DATASET RECORDS:
[Start of Attachment]
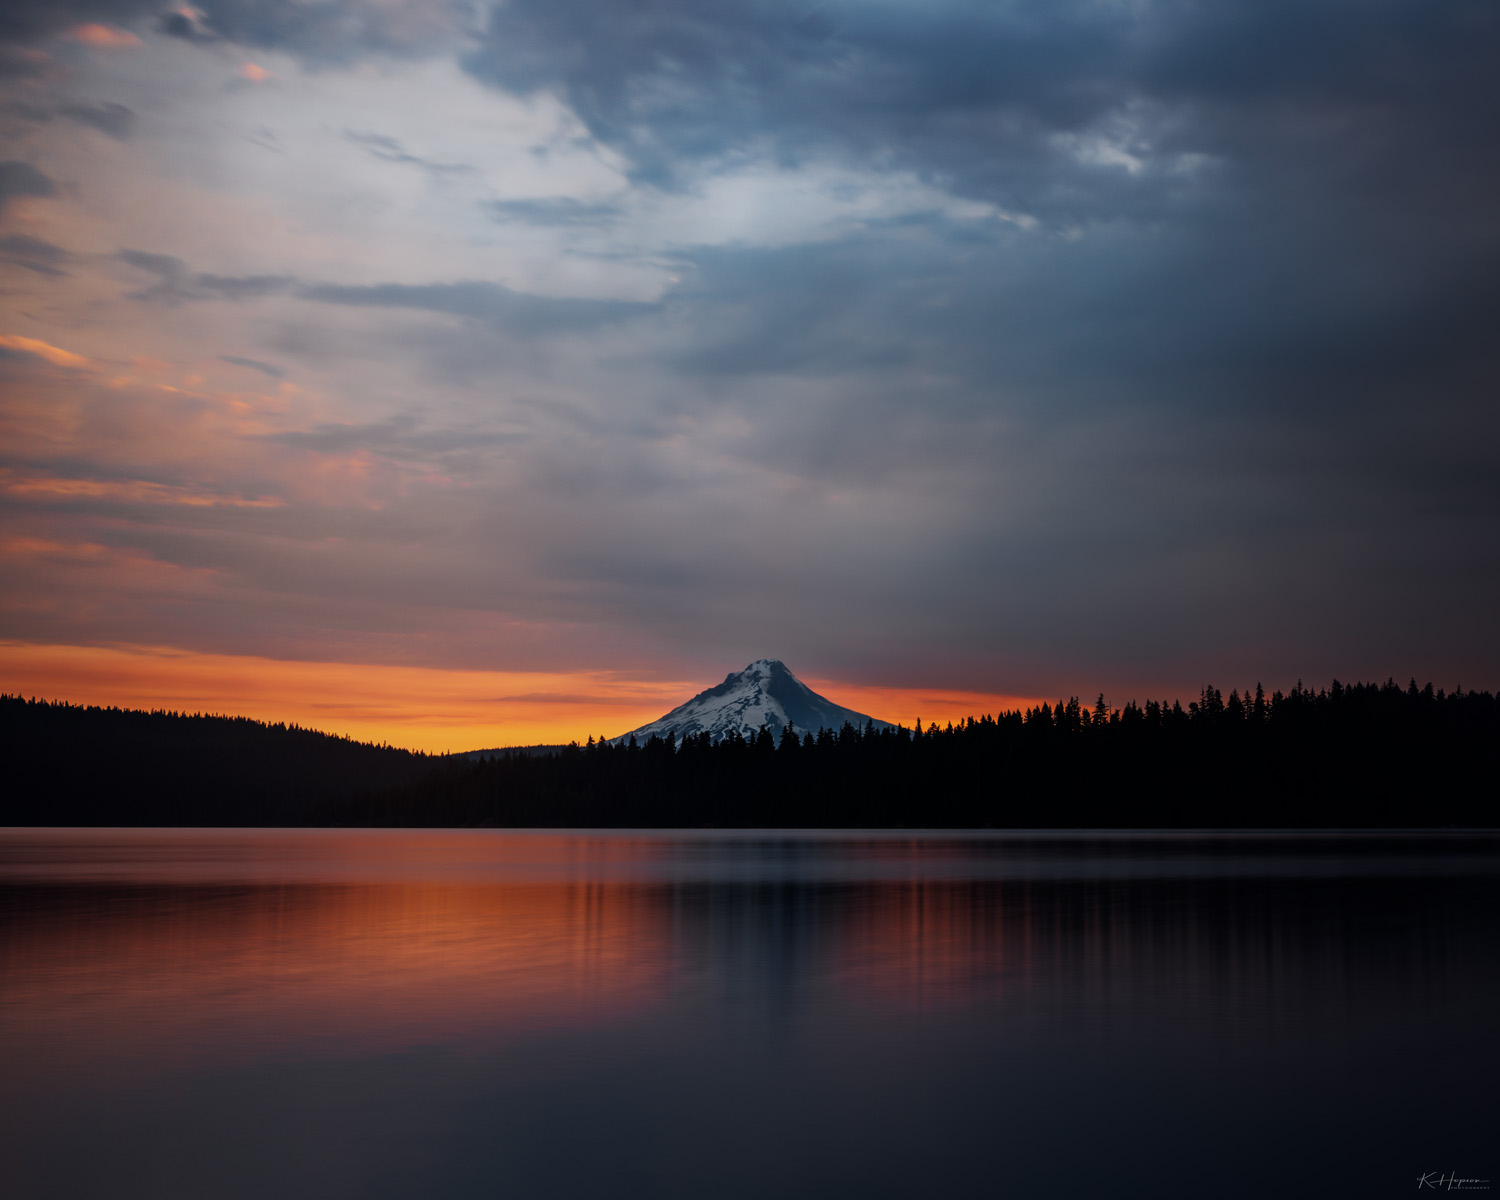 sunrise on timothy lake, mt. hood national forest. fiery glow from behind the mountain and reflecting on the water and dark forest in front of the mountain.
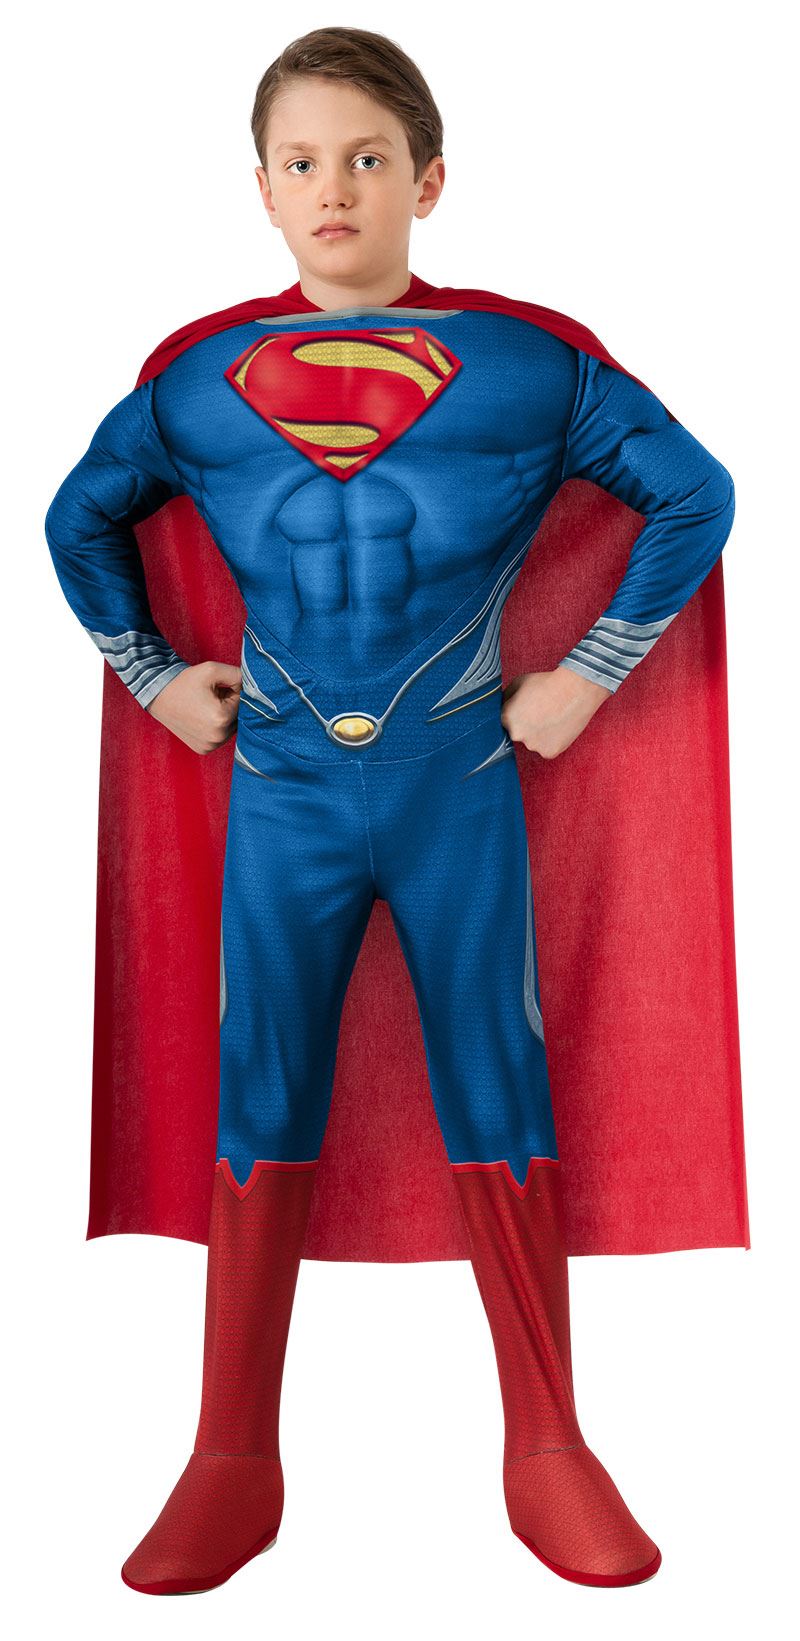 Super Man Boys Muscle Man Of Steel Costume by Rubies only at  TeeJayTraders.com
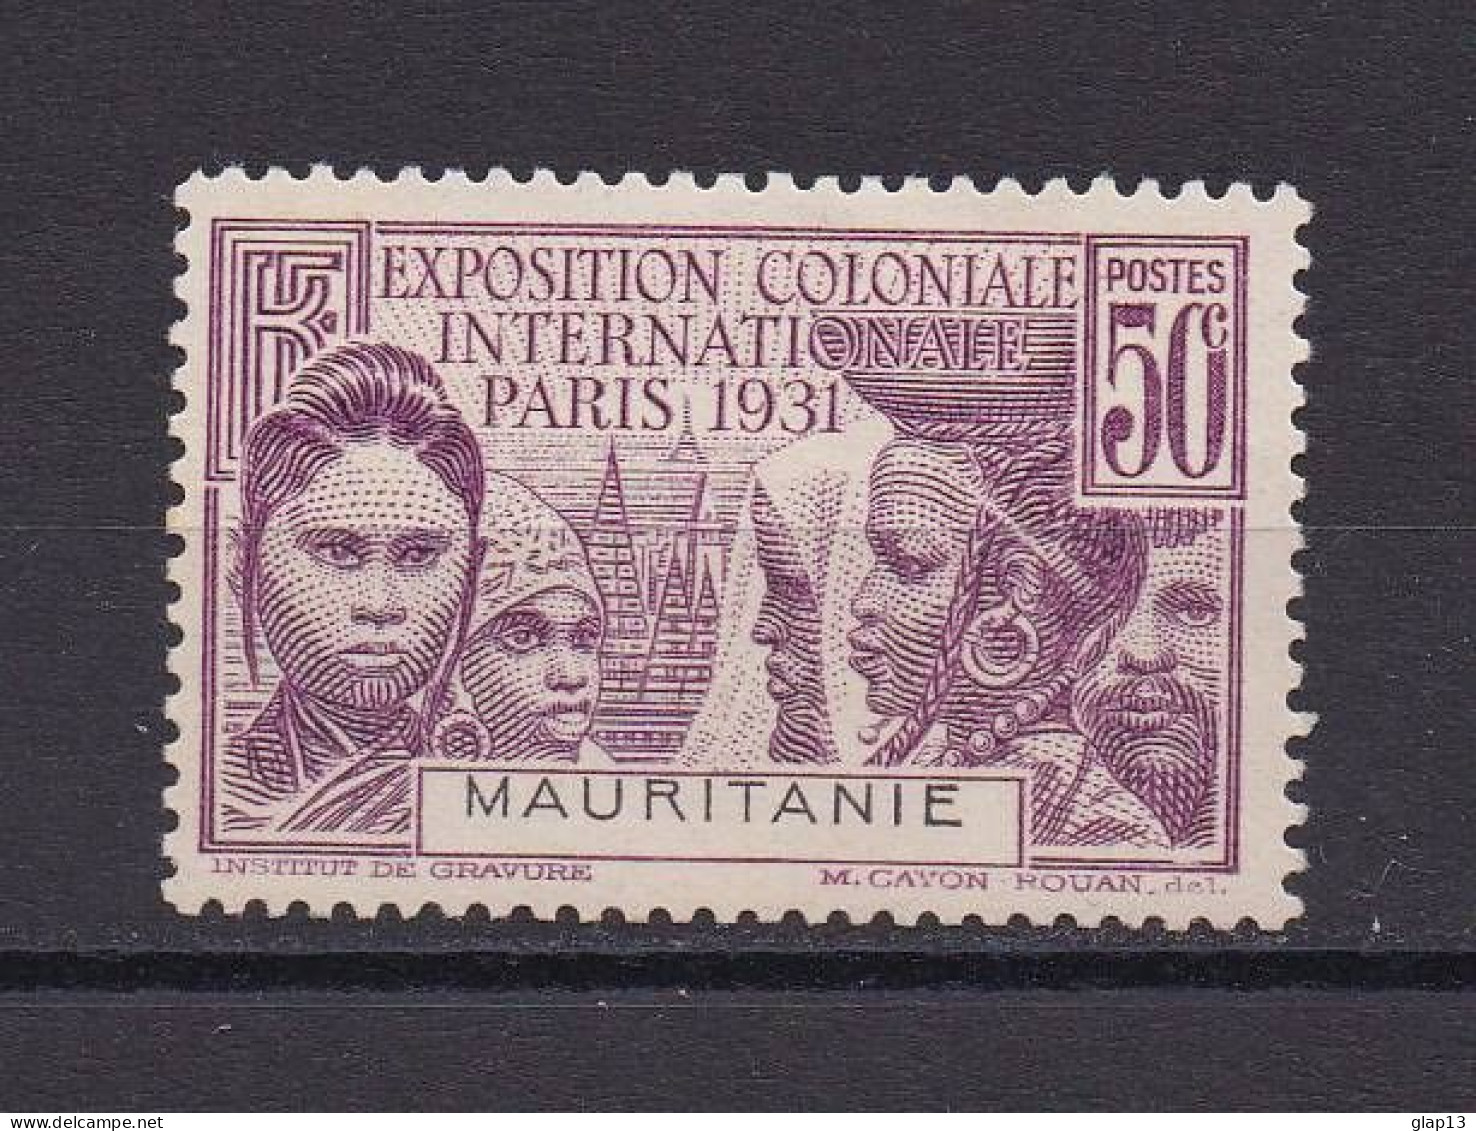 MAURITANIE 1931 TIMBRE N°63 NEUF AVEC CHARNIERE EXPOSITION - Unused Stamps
[End of Attachment]
[Start of Attachment]
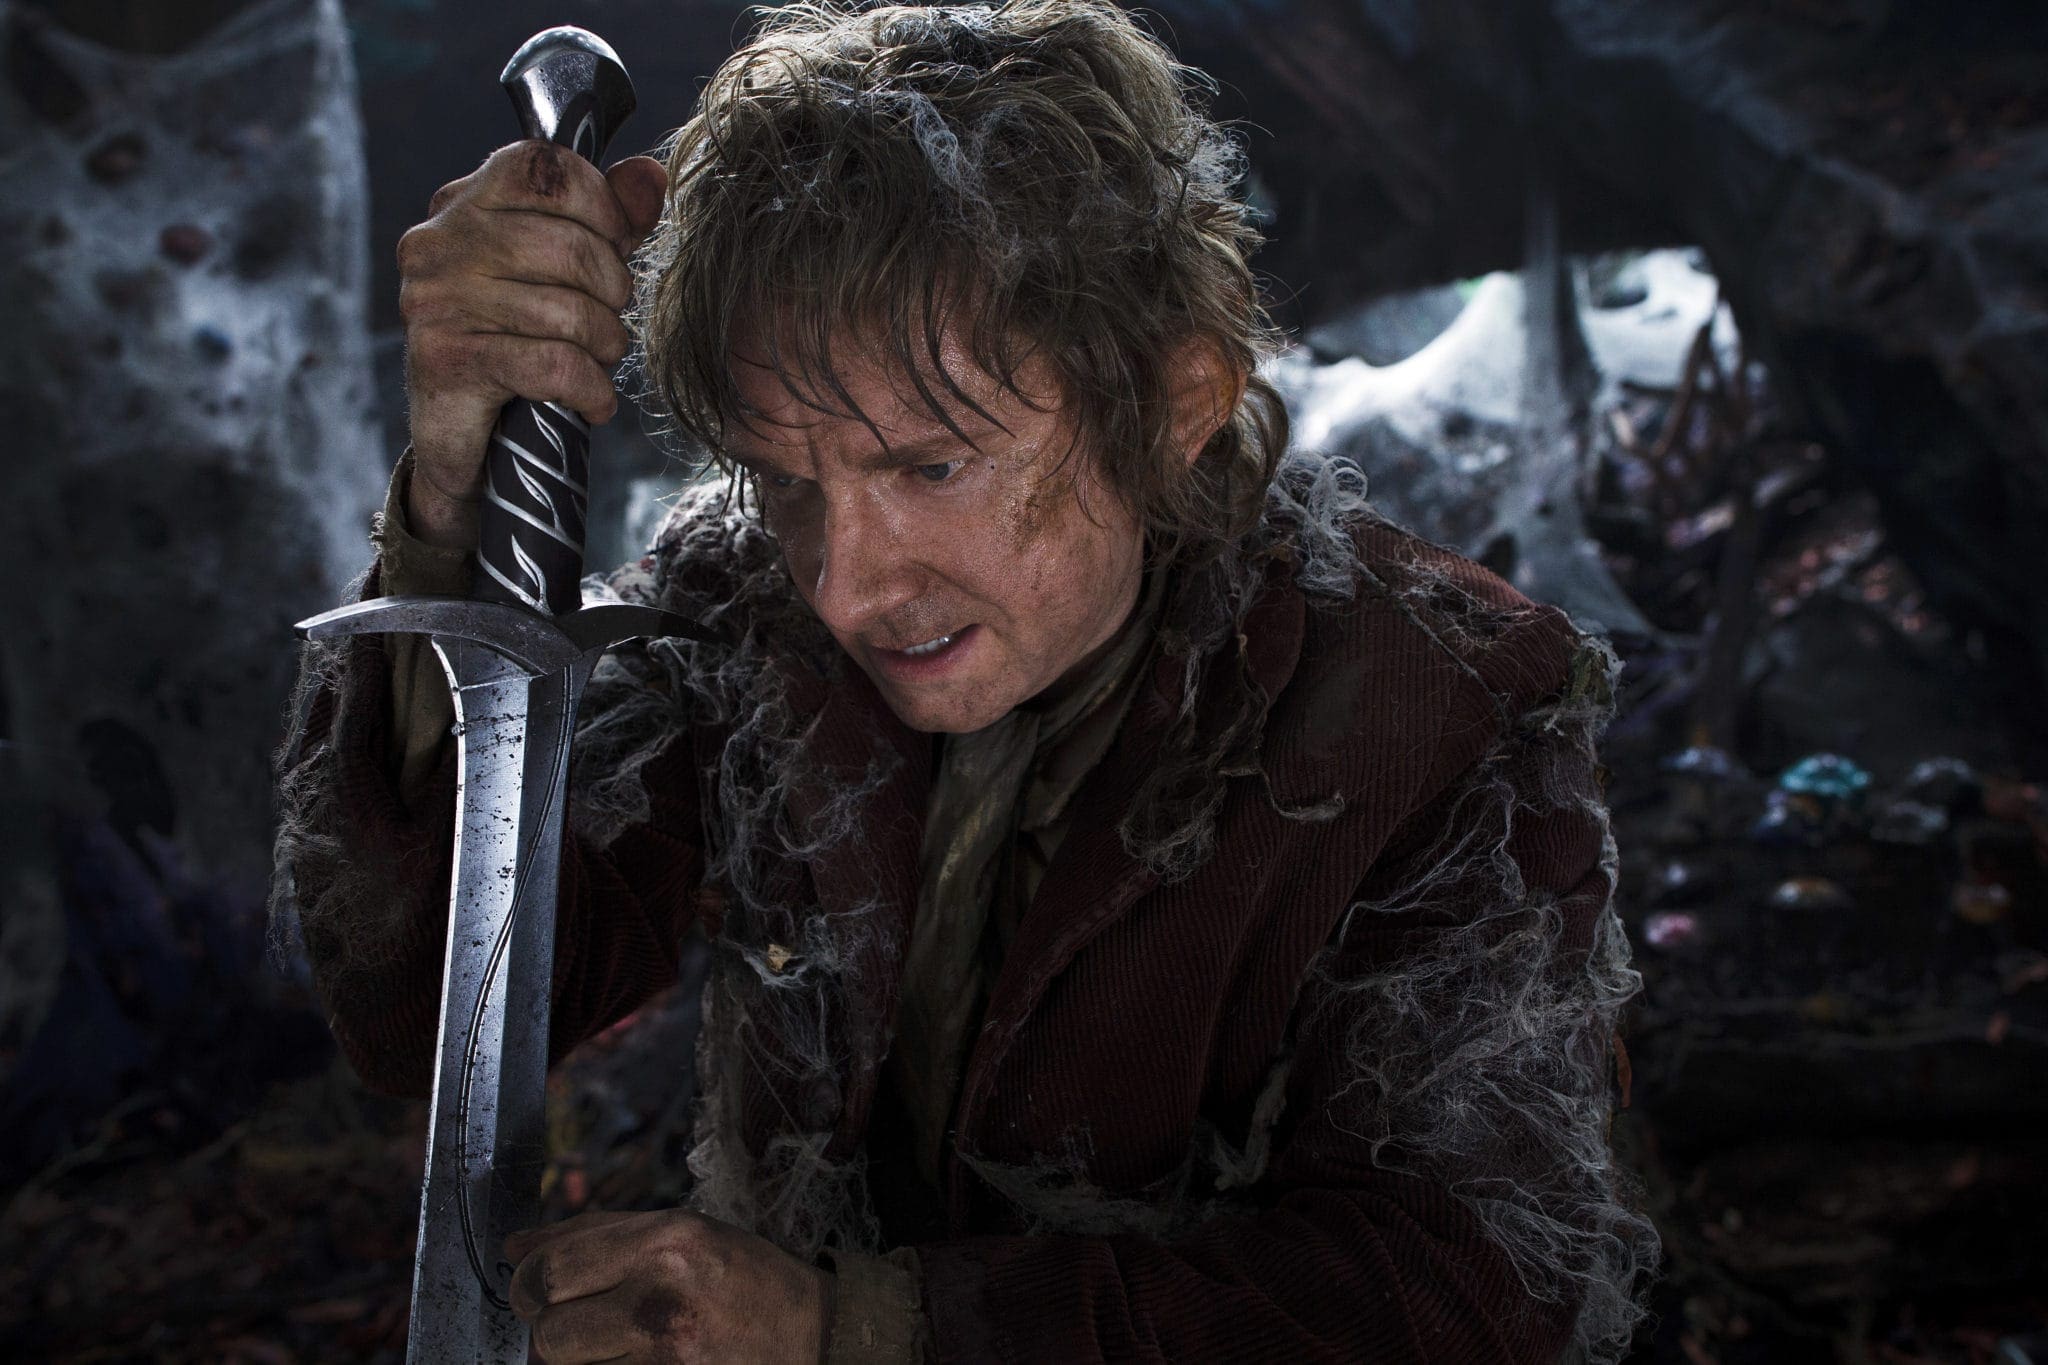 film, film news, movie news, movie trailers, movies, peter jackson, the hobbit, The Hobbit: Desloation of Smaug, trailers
[End of Attachment]
WHAT YOU WILL DO: For this exercise, return exactly the lines above from the line with "Super Man Boys" through the line with "MAURITANIE 1931 TIMBRE", both included. Do not copy the pictures.

WRITTEN ANSWER:
 Super Man Boys Muscle Man Of Steel Costume by Rubies only at  TeeJayTraders.com
 MAURITANIE 1931 TIMBRE N°63 NEUF AVEC CHARNIERE EXPOSITION - Unused Stamps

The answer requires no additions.